In reality, giving a rep (or a buyer) too many scattered assets creates a manual and hard-to-track mess. Jules realized that if an enablement resource isn't easy for an Account Executive to use in their actual workflow, it won't be used at all.
Lattice shifted from sending individual PDFs and slide decks to using Dock to build flexible digital deal rooms. This allowed their reps to personalize the experience for every champion, whether they were sharing a simple product one-pager after a first call or a complex business case during final negotiations.
The result: By moving away from "50-slide dumps" and into personalized, digital workspaces, Lattice increased their win rates by 25% using Dock.
Move out of datasheets and into Dock
In a world where 78% of buyers prefer to self-educate on their own schedule, how you hand off information is just as critical as the data itself.
If you want to enable your champions and make your product’s technical specs feel like a premium experience, Dock’s your move.
Here are a few ways to get started:
- Sign up for Dock: Your first 50 client workspaces are free.
- Upload your datasheets to the content Library.
- Add your datasheets to a deal room: Use our Digital Sales Room Template to embed your product datasheets alongside recap videos and pricing cards to help your champion steer the deal forward.
Product datasheets FAQs
What is a product datasheet?
A product datasheet is a concise document that outlines the essential information a buyer needs to evaluate a product. This typically includes technical specifications, key capabilities, requirements, limitations, and product details that help potential customers decide whether the product is a fit.
Product datasheets are commonly used across B2B ecommerce, manufacturing, and by distributors who need consistent, accurate product information they can pass along to customers or partners.
Note: A datasheet, unlike a marketing brochure, is built for evaluation; it’s often printable, structured with clear sections and bullet points, and designed so technical and non-technical stakeholders can quickly find what they need to make an informed decision.
You’ll sometimes hear datasheets referred to as a fact sheet or sell sheet. The terminology changes, but the job stays the same: reduce uncertainty during the buying process.

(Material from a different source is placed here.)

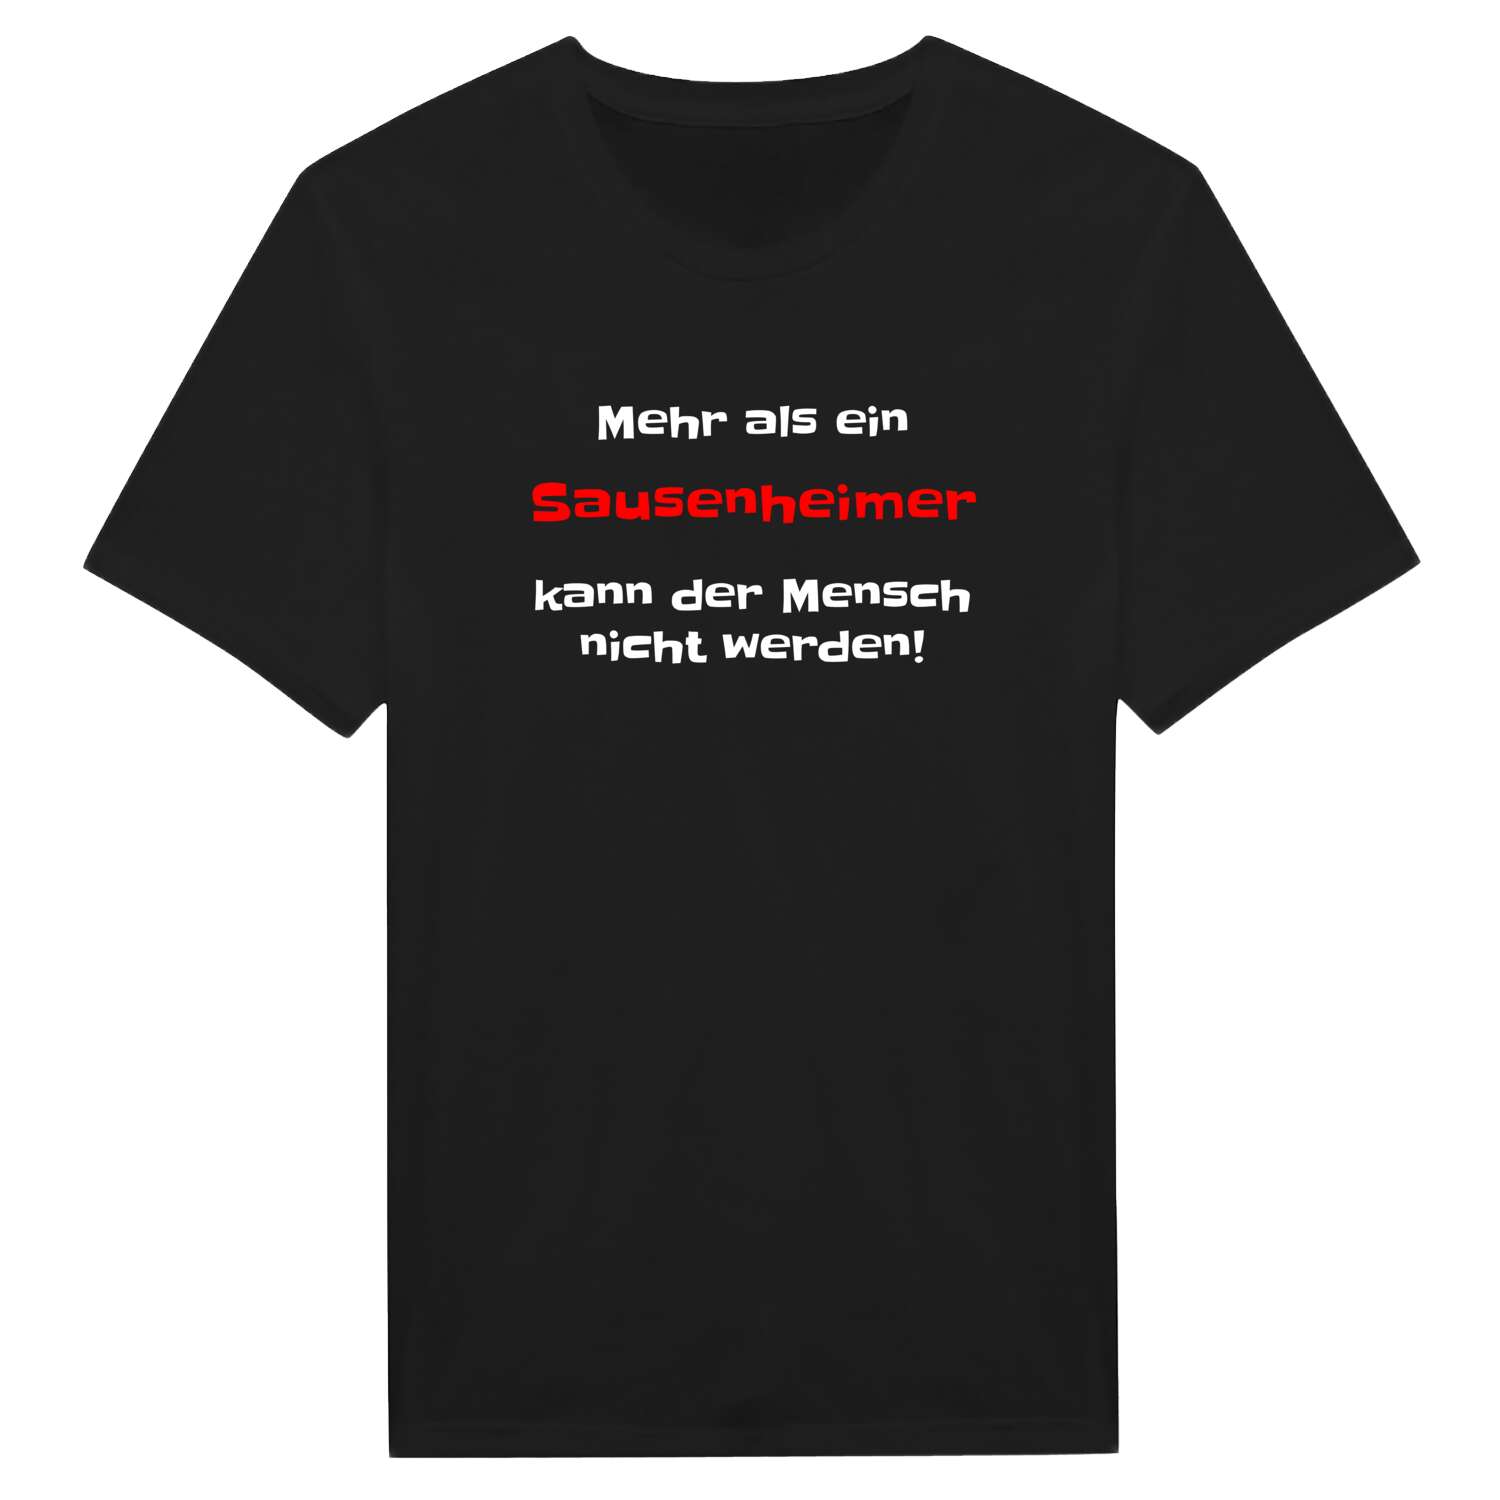 Sausenheim T-Shirt »Mehr als ein«

How to make a product datasheet?
Good datasheet design prioritizes scan-ability. Use headings, tables, and bullet points instead of dense paragraphs. If you need to go in-depth, structure the document so readers can skim first and dive deeper only where needed.

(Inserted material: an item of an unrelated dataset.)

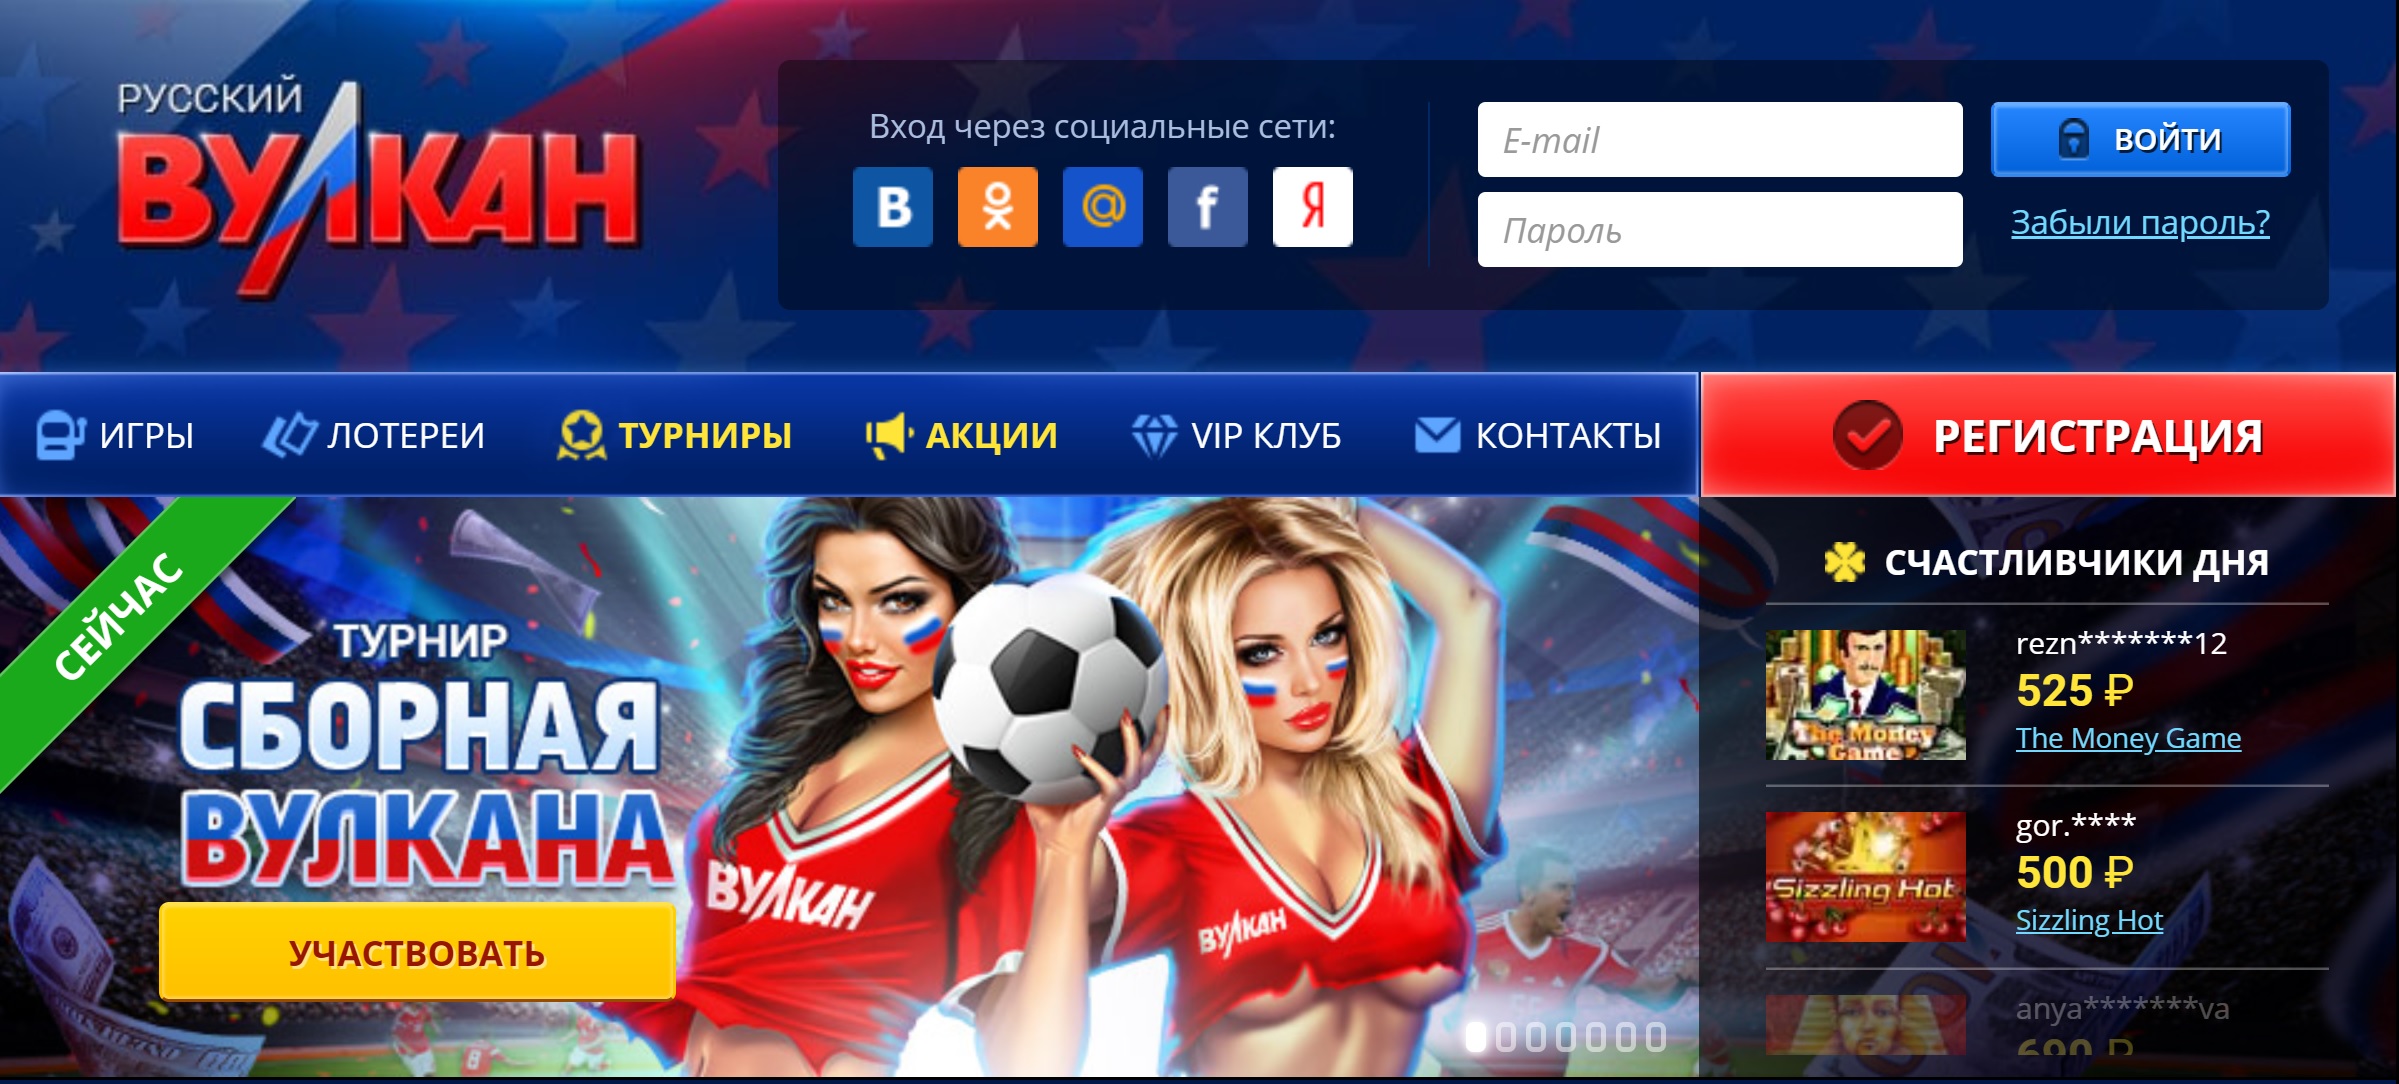 Отзывы о онлайн казино русский вулкан рейтинг компаний букмекеров

At a minimum, it should include:
- The product name and a plain-language summary on the first page.
- Core product specifications and requirements.

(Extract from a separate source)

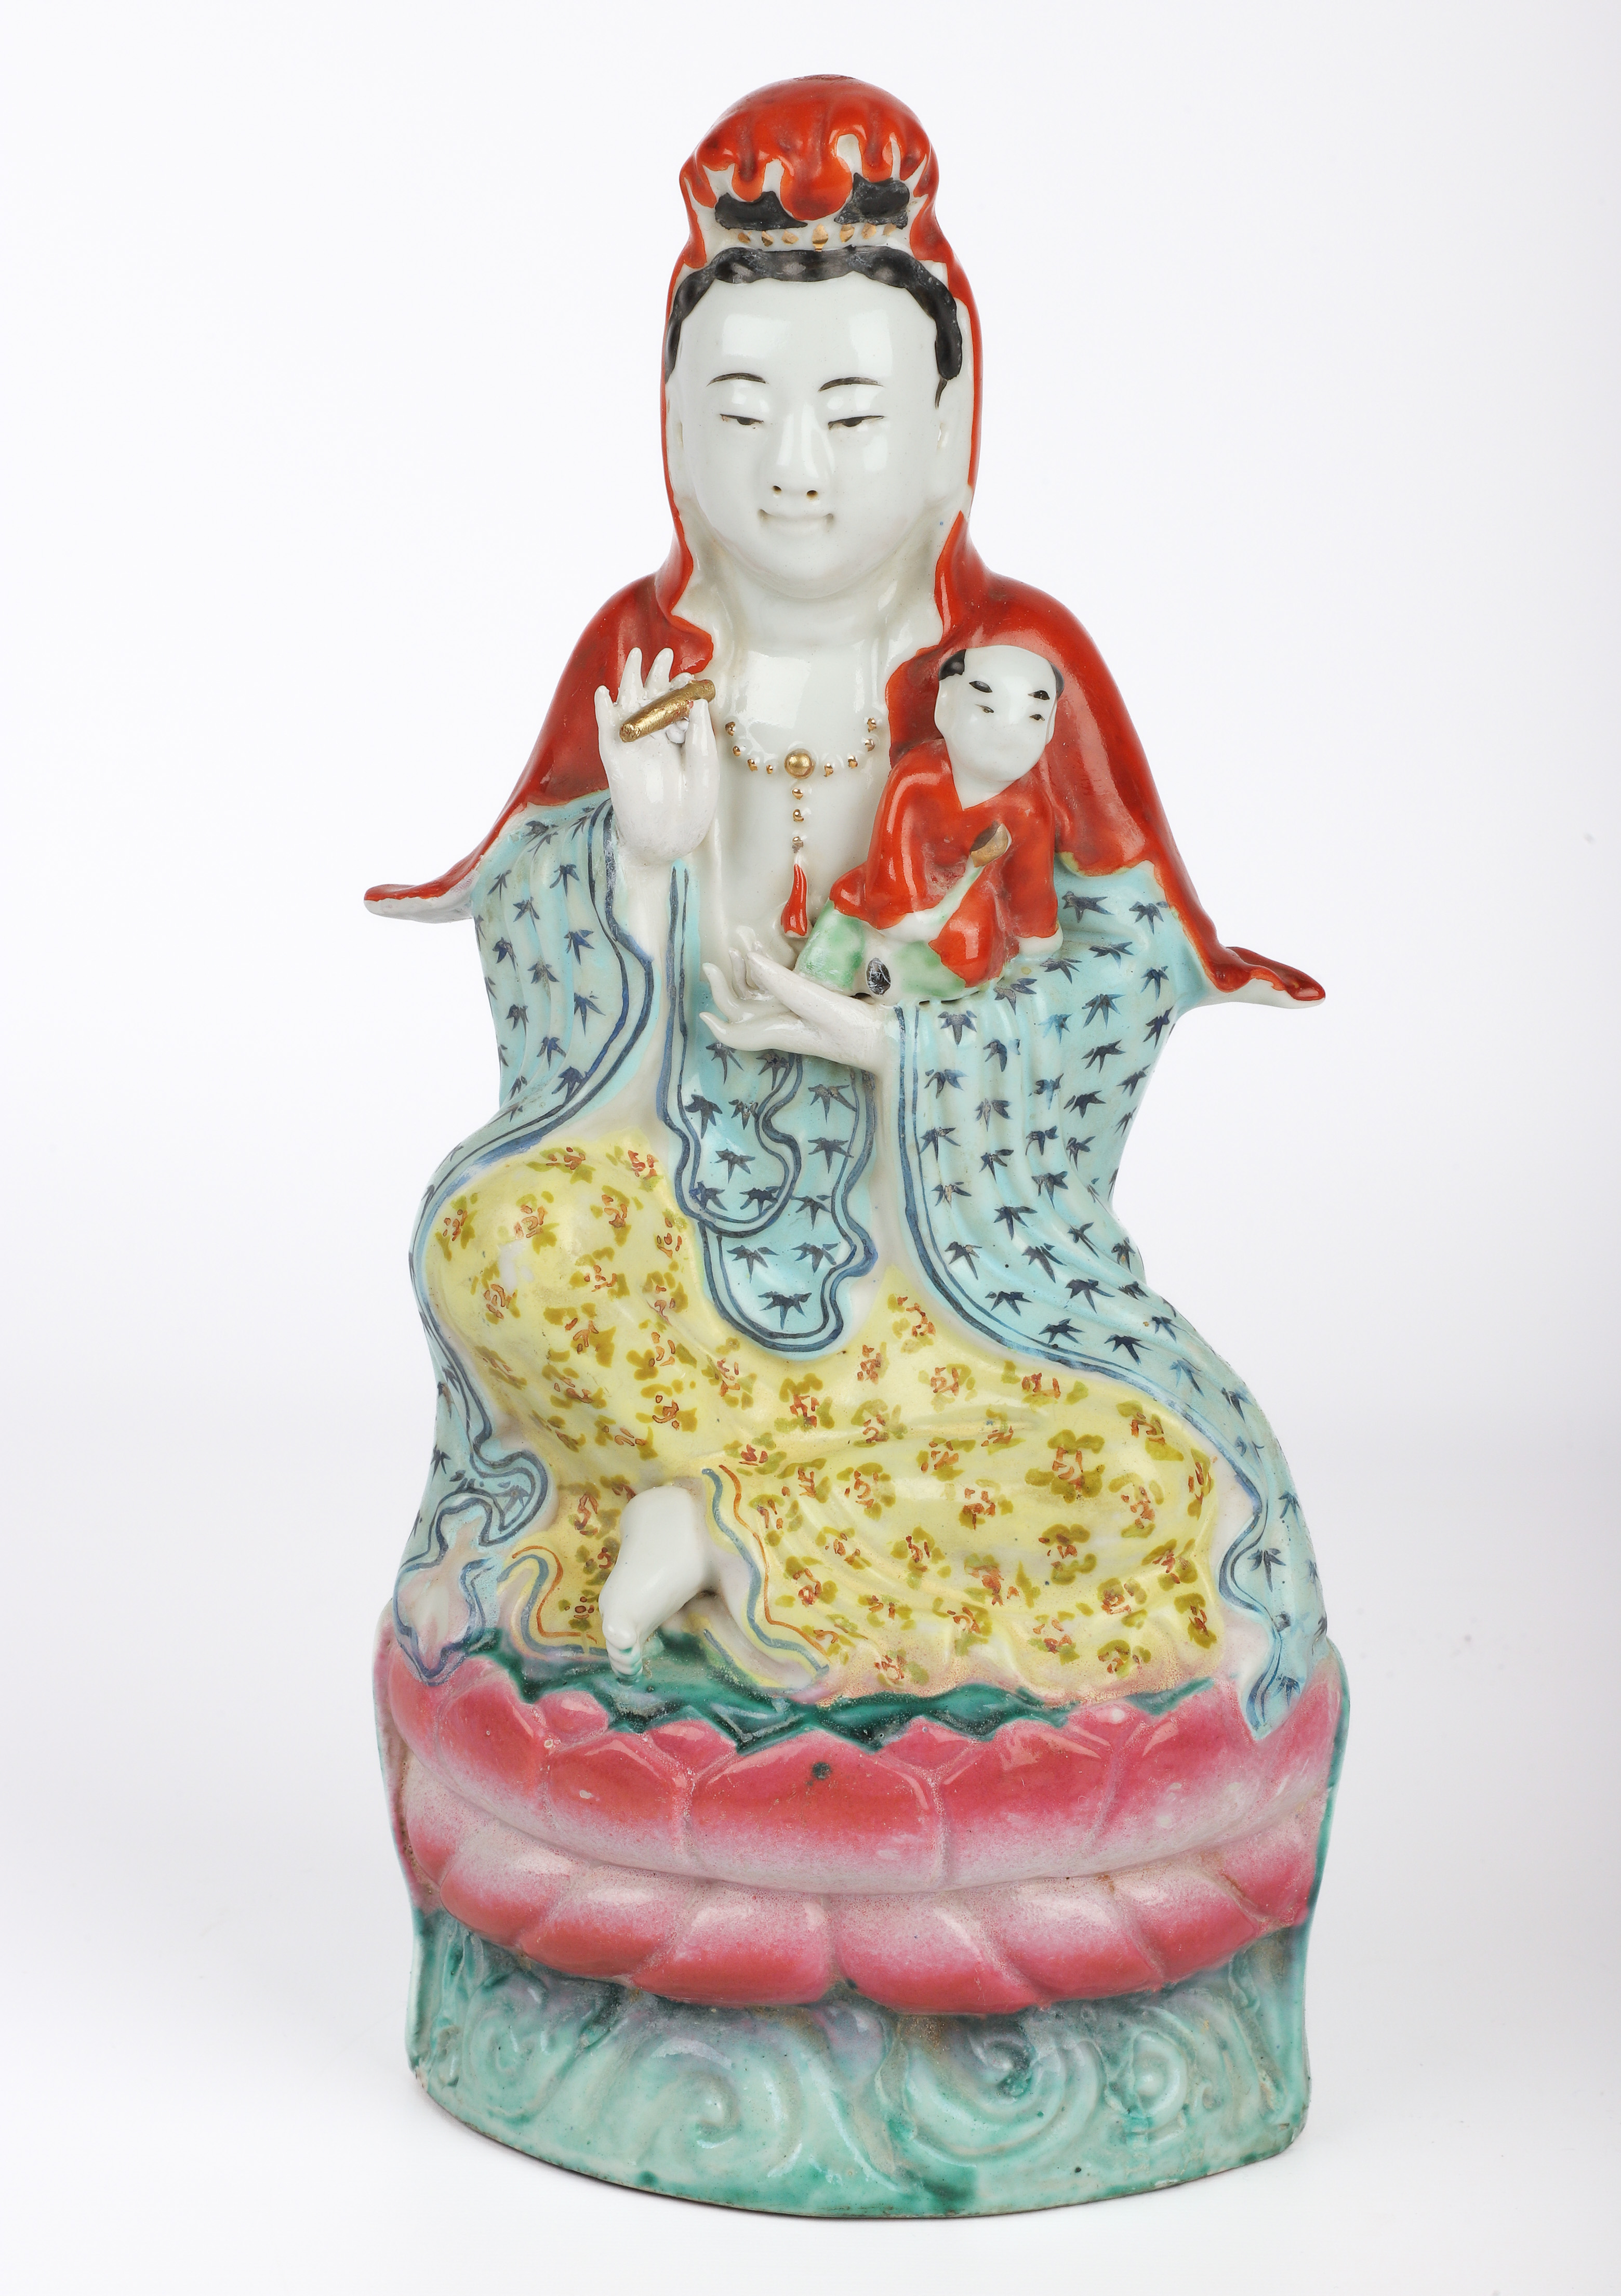 Chinese porcelain figurine Guanyin 3b15e1

- Supported use cases, integrations, or environments.
- Honest notes on limitations or trade-offs.
- Visuals such as diagrams or product images where they add clarity.
- A clear call-to-action (CTA) and contact information for next steps.
Many teams start with a product datasheet template, but the best ones are customized by the audience: technical buyers, security reviewers, or business stakeholders don’t all need the same level of detail.
For teams managing large catalogs, datasheets are often generated or maintained through a product information management (PIM) system to keep specifications, naming, and formatting consistent across channels.
When it’s time to share those datasheets with customers, sales rooms like Dock make it easier to package and deliver them with the right context.
What is the difference between SDS and product data sheet?
An SDS (safety data sheet) is a regulated document focused on chemical safety, handling, storage, and hazard information. The document is legally required in industries like manufacturing, chemicals, and pharmaceuticals.
A product datasheet, on the other hand, focuses on product details, functionality, and technical fit.